Essentially, the results obtained allow the separation of structural trends from annual variations and integrate carbon intensity, energy per capita, and population in the same framework to explain why some regions manage to achieve strong decoupling while others only experience relative or partial decoupling. These results are useful for calibrating regional energy policies and for understanding that decoupling episodes are often conjunctural and directly affected by economic shocks. Compared to the existing literature, the triangulation of research tools makes an additional contribution by allowing a direct comparison of the typology of decoupling between Tapio elasticity, the Kaya/LMDI decomposition, and the panel econometric model.
In terms of policy recommendations to support the energy transition, this study clearly shows the effectiveness of policies where they have been implemented and are being maintained over time.

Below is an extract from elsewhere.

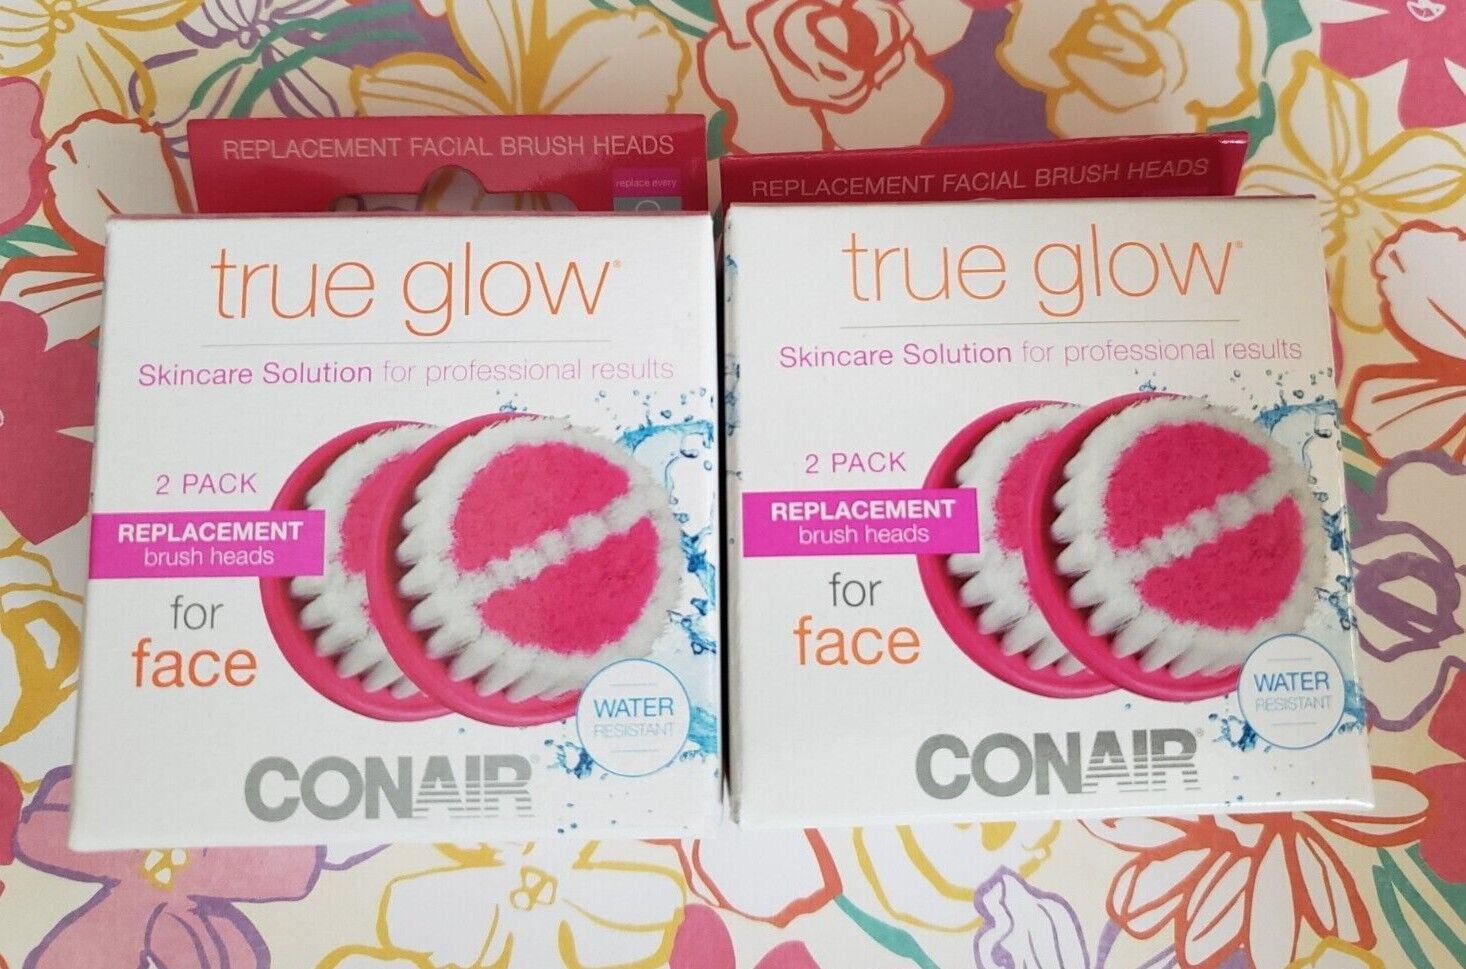 (2) Conair True Glow Facial Replacement Brush Heads For Face 2 Per Pk = 4 Heads

Given the uneven patterns of decoupling identified at regional level, the policy implications can be summarized as follows:
In regions with persistent or structural decoupling (e.g., Europe), the results show that the policies already implemented have worked on and produced consistent effects over time. In this context, the priority is not to reinvent a policy framework but to strengthen and maintain it in the long term. Carbon pricing mechanisms, strict energy standards, and climate targets should be adjusted gradually. By doing so, the progress achieved is maintained even in the face of economic shocks or tensions in energy markets.
In regions where decoupling is uneven or predominantly cyclical (e.g., North and South America), emission reductions appear to be mainly linked to short-term factors, such as economic shocks or periods of temporary decline in activity. In these circumstances, policies should aim to transform these short-term episodes into more sustainable structural processes. An important step is to shift investments towards clean technologies and low-emission energy infrastructure, capable of supporting decoupling beyond the cyclical phases of the economy.
In regions characterized by weak or relative decoupling (e.g., Africa, Asia Pacific, CIS, and the Middle East), the results point to the need for policies that are much more carefully tailored to the regional and sectoral context. The focus needs to be on reducing carbon intensity, while managing rapidly growing energy demand and demographic pressures. As there are a number of differences from one region to another in terms of institutional capacity, the composition of the energy mix, and industrial structures, it is quite clear that uniform solutions cannot work in practice. What seems to be important instead are approaches that can be adapted to local circumstances and the stage of the energy transition. This usually means focusing first on energy efficiency, gradually expanding the energy mix and directing investments towards low-emission technologies. In parallel, increased attention needs to be paid to energy security, especially in regions where energy demand is growing rapidly.
This study includes several limitations that we have taken into account. First, the analysis period of 2013–2023, although it captures some large shocks (such as the COVID-19 pandemic), is still short enough to capture long-term structural trends. Second, given the sample structure, heterogeneities may arise between countries in the same region, both in terms of policies and economic structure. Third, the focus on energy and CO2 emissions does not capture other GHGs—such as methane and nitrous oxide—whose dynamics are driven by different sectoral mechanisms and may alter the emissions profile of the analyzed regions. Of course, these limitations do not invalidate the research results but only set the framework for the analysis.
Future research could extend the current analysis by incorporating concepts such as system resilience, structural transformation, and adaptive capacity, which are important for understanding energy transition and long-term sustainability; by including additional sustainability dimensions, such as social development, industrial transformation, and energy security; and by examining how regional innovation policies—such as Research and Development investment and clean energy patents—affect carbon intensity reductions.